Потому что он освободился от того, что может умереть.
Как
Сегодня Номер Восемь решил убить потому, что его неодолимо потянуло на рвоту. Подобная связь мерзкой причины с не менее гнусным следствием, хорошо известная читателям детективных романов, никого не удивит. Его печень прогнила, пищевод разлагался, мозг превращался в гноище. Ничто в его организме не осталось нетронутым тлением: некие агенты, ведущие давний крестовый поход со Злом, проникли-таки внутрь и атаковали его. Нашествие этих террористов нового типа, действующих на клеточном уровне, началось, как обычно, со слуха: визга, режущего барабанные перепонки, внутреннего гула и нескончаемого подергивания, от которого у него сводило живот. Больше всего на свете Номер Восемь ценил противоположное: нежное птичье щебетание, находящееся в гармонии с внешним видом пернатых и ветром. Он умел обращаться с птицами, да так, что и сам был готов улететь с ними, чтобы не видеть себе подобных. Людские голоса изрыгали лишь угрозы, воинственные кличи на арабском и англо-американском, были чреваты взрывами самолетов и разрушением Башен-Близнецов, глухими бомбардировками, от которых лопалось клеточное ядро, дробились хромосомы, уничтожая сами основы жизни в нем, а поскольку он все еще был жив, звуковое насилие могло лишь исторгнуть на него нечто отвратительное, называемое рвотой.
Ему уже давно удалось установить, откуда идет прямая поддержка мировому терроризму, свирепствующему ныне на всей — или почти всей — планете и, уж во всяком случае, подчинившему себе Санта-Барбару.
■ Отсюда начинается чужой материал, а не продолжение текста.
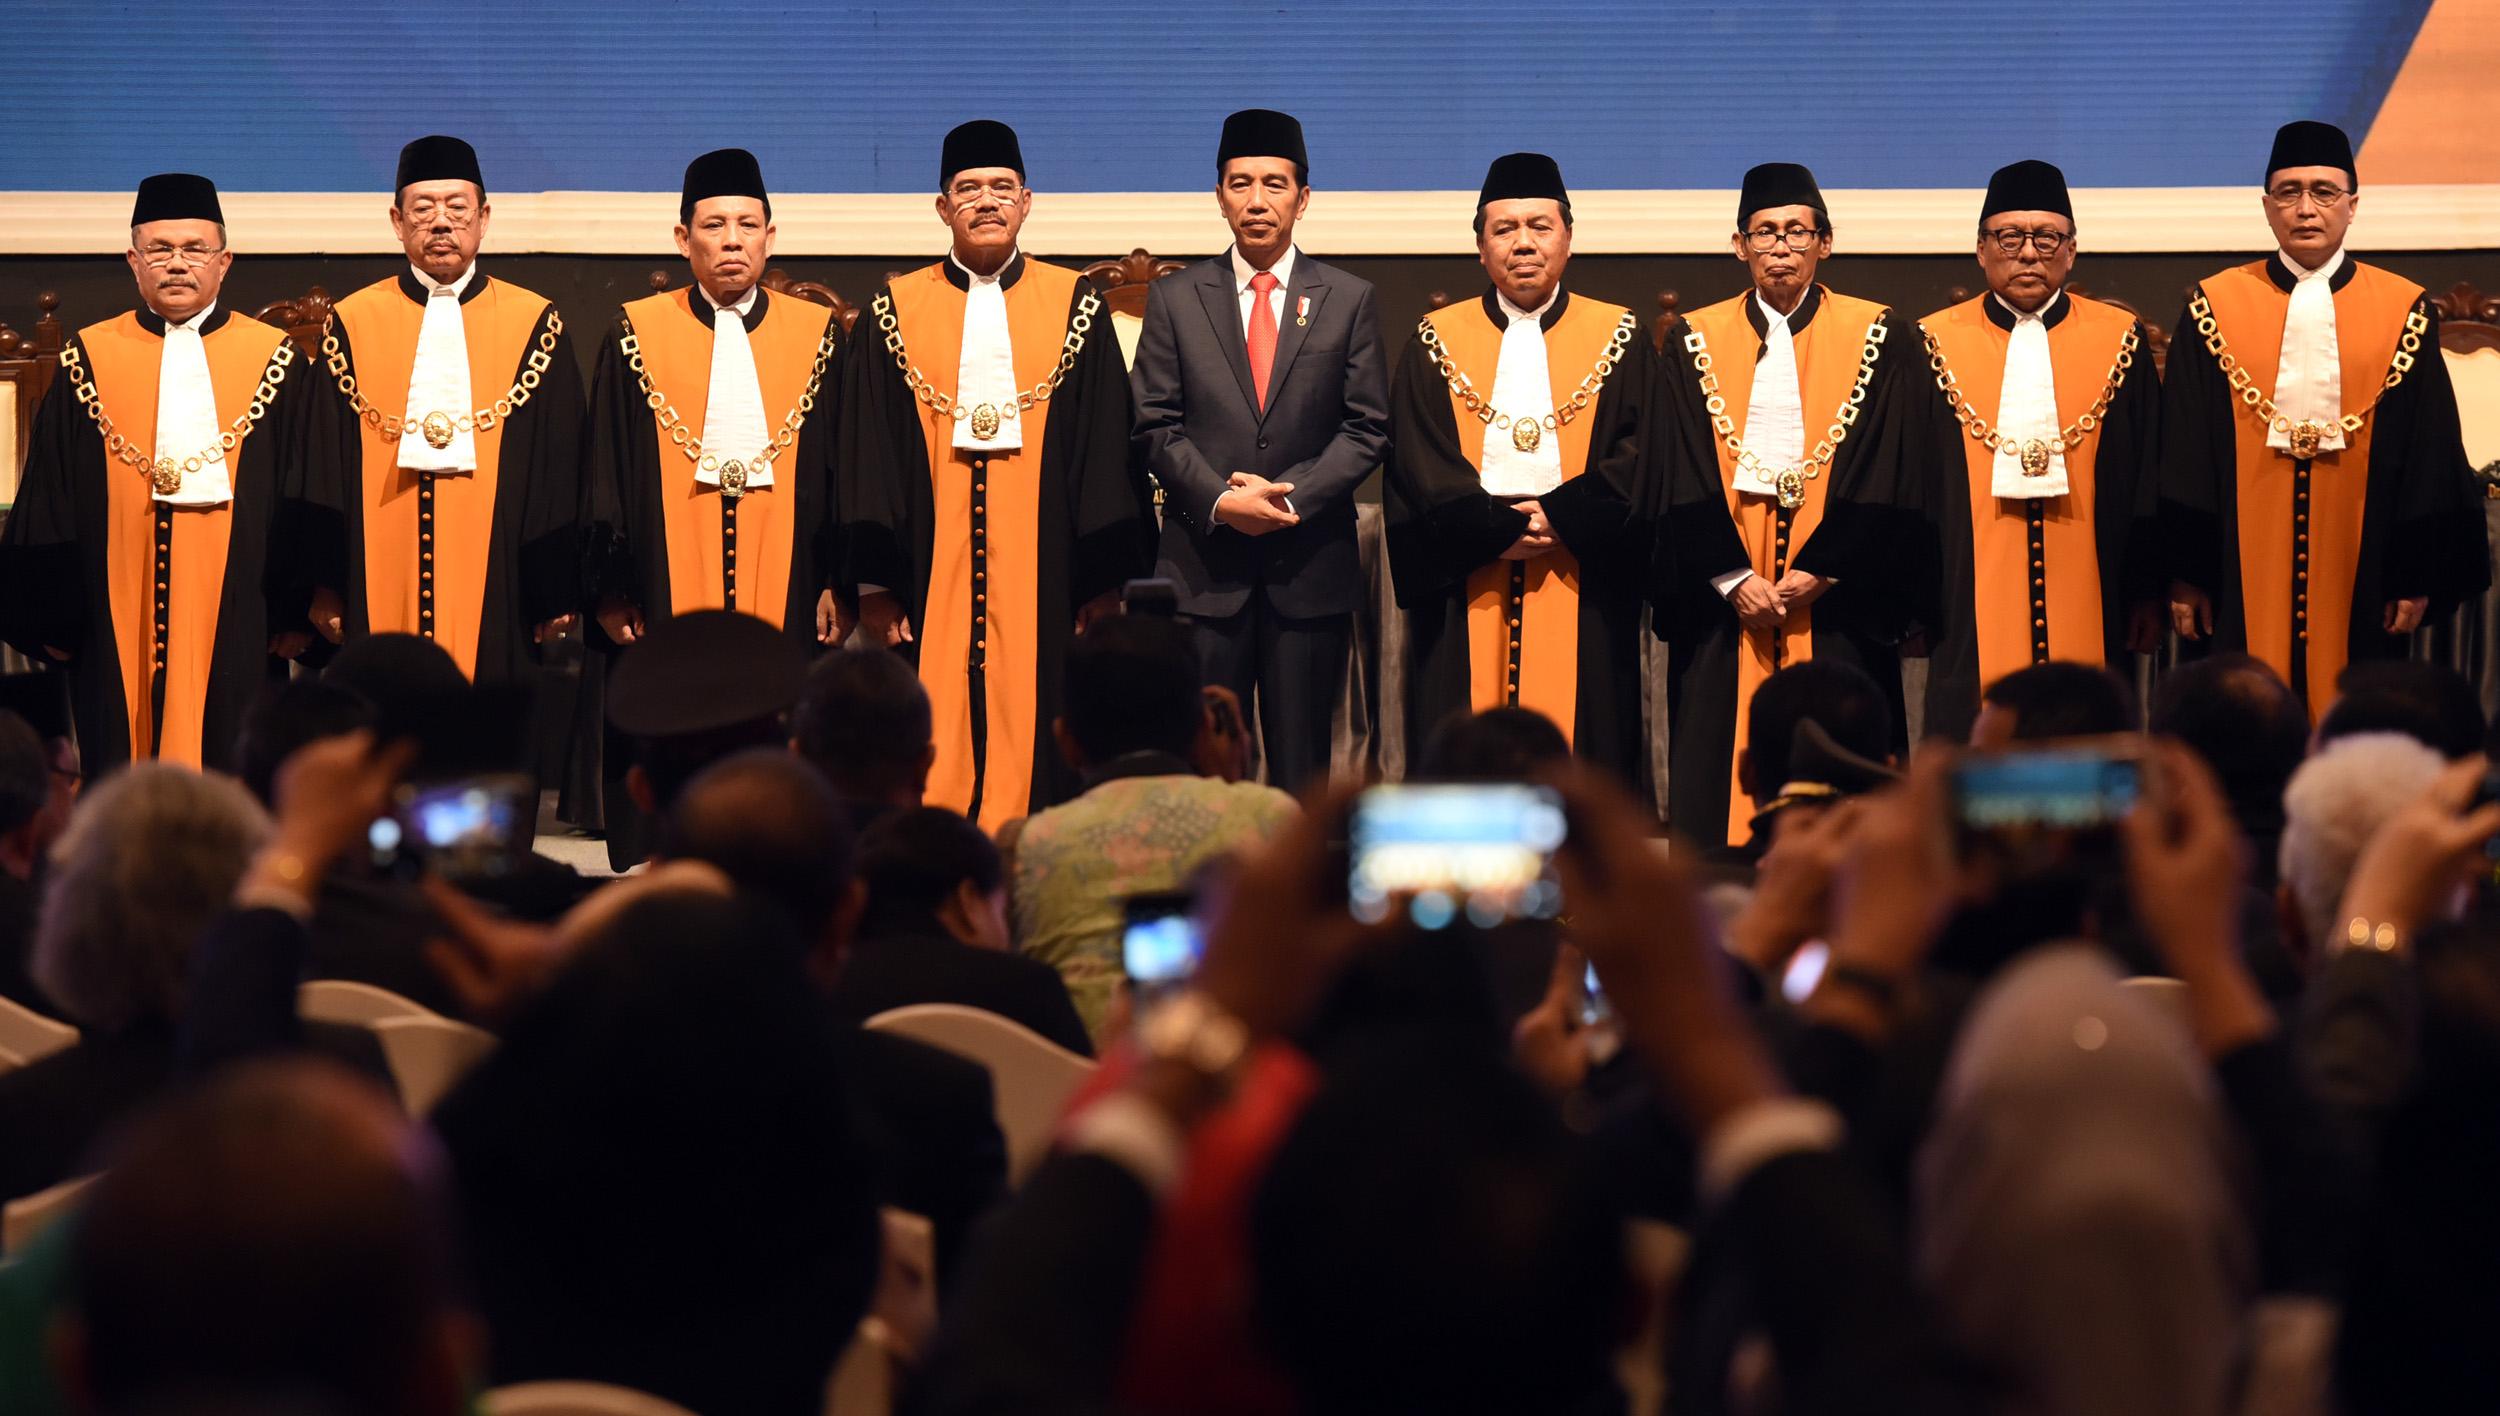 President Jokowi Supports Severe Punishments for Corruptors, Drug

От «Нового Пантеона». И сколько бы ни прописывал ему психиатр последние нейролептические средства — лементаль, ипрекс и прочие, — наука была бессильна: он не излечивался, а его убеждения оставались неколебимы. При этом он не верил, что его убеждения связаны с его болезнью, несмотря на усилия психиатра доказать ему, что заболевание его как раз в том и состоит, что он в это не верит, но факты продолжали накапливаться в пользу обратного.
Последние открытия позволяли, однако, расширить круг причин Зла, подпитываемого за счет явно антагонистических сетей: начиная с фундаменталистов Аль-Каиды, стремящихся исламизировать свободный мир, но пользующихся в этих целях мафиозными средствами, также в свою очередь нуждавшимися во всех тех неуловимых финансовых, семейных, клановых, эзотерических, духовных и прочих зацепках, что, усложняясь, превращались в один крепкий узел на Ближнем Востоке. Видимо, процесс этот длился тысячелетия: достаточно заглянуть в Библию, чтобы это понять. Историю не переделать, она продвигается с помощью ничтожно малого количества вариантов. Мусульманские камикадзе подрывали себя в самом центре Иерусалима? Но разве «грязные деньги» не отмывались безнаказанно в самом священном городе, чтобы послужить как жертвам, так и палачам, при том, что всех это устраивало — исламских интегристов не меньше, чем правых сионистов и православных экстремистов, которые заявляли о борьбе с теми, и наоборот? Номер Восемь обучался на модных курсах политических наук в университете Санта-Барбары — где же еще? Все пути ведут туда — и ему было прекрасно известно, что глобализация заведет мир в тупик, если не принять меры в пользу обездоленных. Клинтон заявил об этом в Давосе, а «восьмерка» раструбила по всему свету. Леваки, как и их противники — чокнутые, психи, наркоманы, поэты, интеллигенты, все те, кто чурался истеблишмента, — были в этом согласны друг с другом. Однако Номер Восемь вскоре заметил, что егопытались подчинить каким-то задачам, не подозревая, что онс рождения не поддается психическому воздействию. Он принял меры, отключил свои рецепторы от пропагандистских антенн и составил свой собственный жизненный план. От которого ему же было плохо до рвоты, до тошноты. Что поделаешь, тошнота правит бал в области философской традиции в наше время.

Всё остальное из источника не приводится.